For reference, Caesar’s palace (including the Forum shops) sits on 85 acres, while The Venetian sits on 36. Adding a new hotel or entertainment district within this undeveloped land, then, is certainly feasible. If VICI were to do a deal with Caesar’s (which, recall, management says owns adjacent property), the resulting development could be significantly more impactful should it include Caesar’s land as well.
For additional context, The Venetian generated $64 million in revenue for VICI in the latest quarter, or roughly 13% of the total revenue generated for the period. An additional, new development would almost certainly have a substantial impact on VICI’s top and bottom line.
The market also appears to not be appreciating the future potential for this development, as evidenced by the company’s falling price-to-earnings [PEG] ratio of only 2.23–a discount to other experience-based and gaming REITs (pictured above).
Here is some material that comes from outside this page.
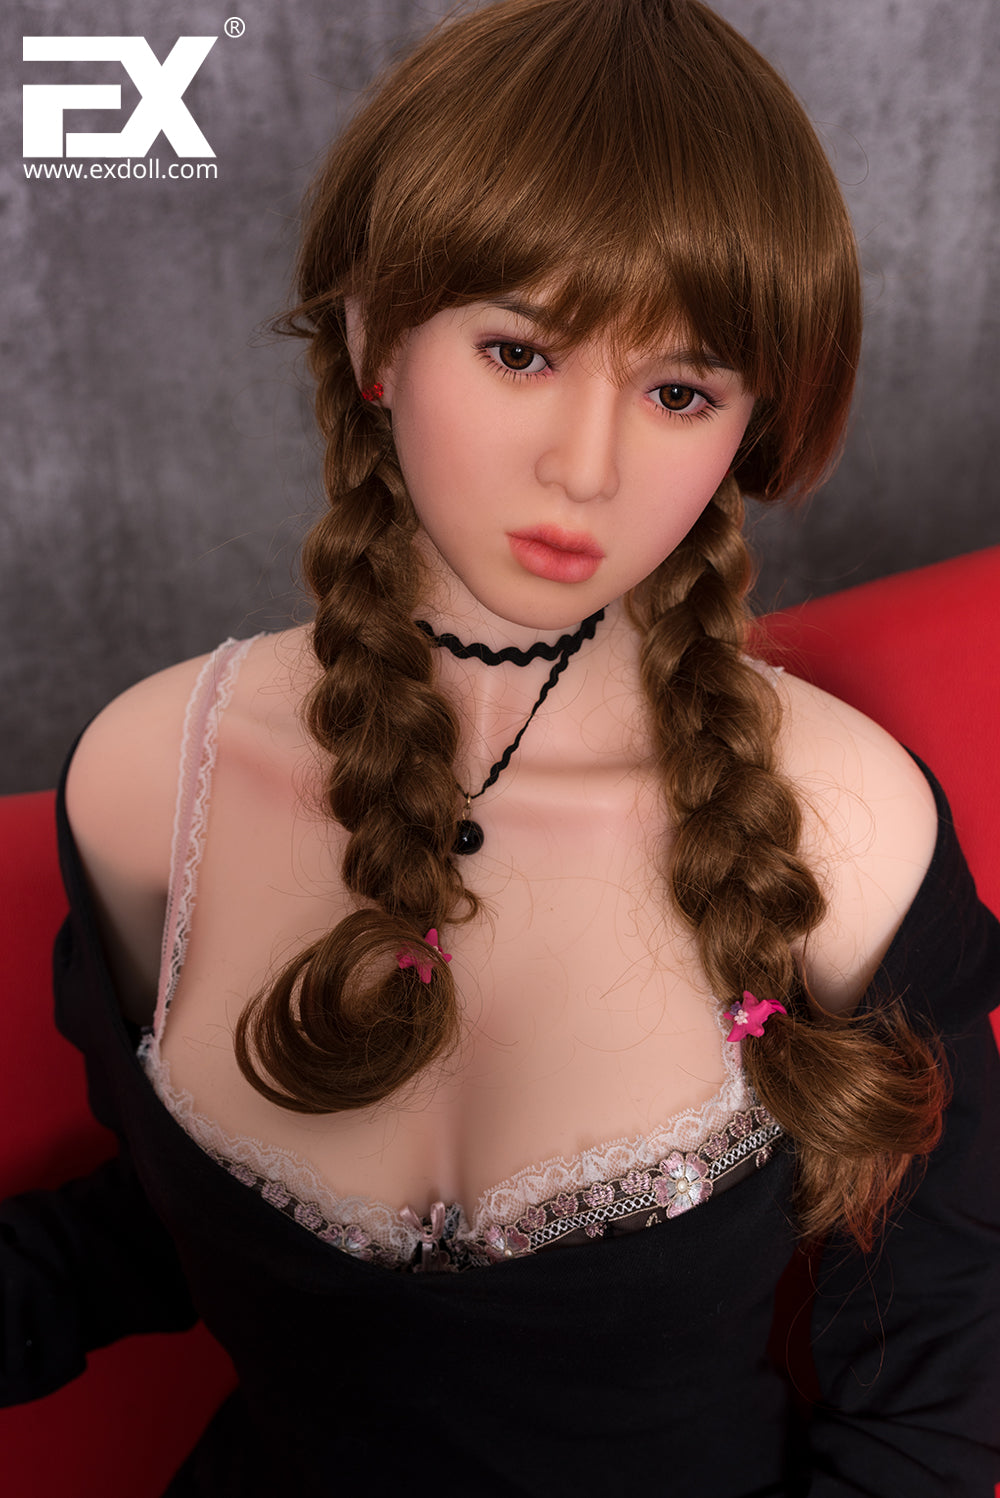 EX Doll Ukiyoe Series 170 cm Silicone - Hatsuha | Buy Sex Dolls at DOLLS ACTUALLY

For those wondering why we are highlighting PEG, we do so because management has highlighted the company’s PEG ratio previously. While it may not be the greatest evaluator of a REIT, it is something management appears to watch and is therefore at least worth mentioning.
On a forward P/FFO basis, the stock currently trades hands at an estimated 12x FFO.
Analyst Estimates (Seeking Alpha)
Given the historic gap in the stock’s price versus analyst targets (see chart below), we think that part of the rationale for the higher price targets may include a realization of value for VICI in the undeveloped land, which the market in turn may be ignoring.
Analyst Estimates For VICI (Koyfin)
The Bottom Line
VICI is a well-run entertainment REIT with several A-level properties and an expanding portfolio of high-end, experience based resorts that is likely to perform well in the long run on its own. However, with the existence of a large, undeveloped asset on its balance sheet, we think that investors may be surprised (in a good way), if and when management decides the time is right for a new development. Further, we believe that the current pessimism in the stock (evidenced by the falling share price amid renewed recession concerns) presents a potential opportunity for far-sighted investors.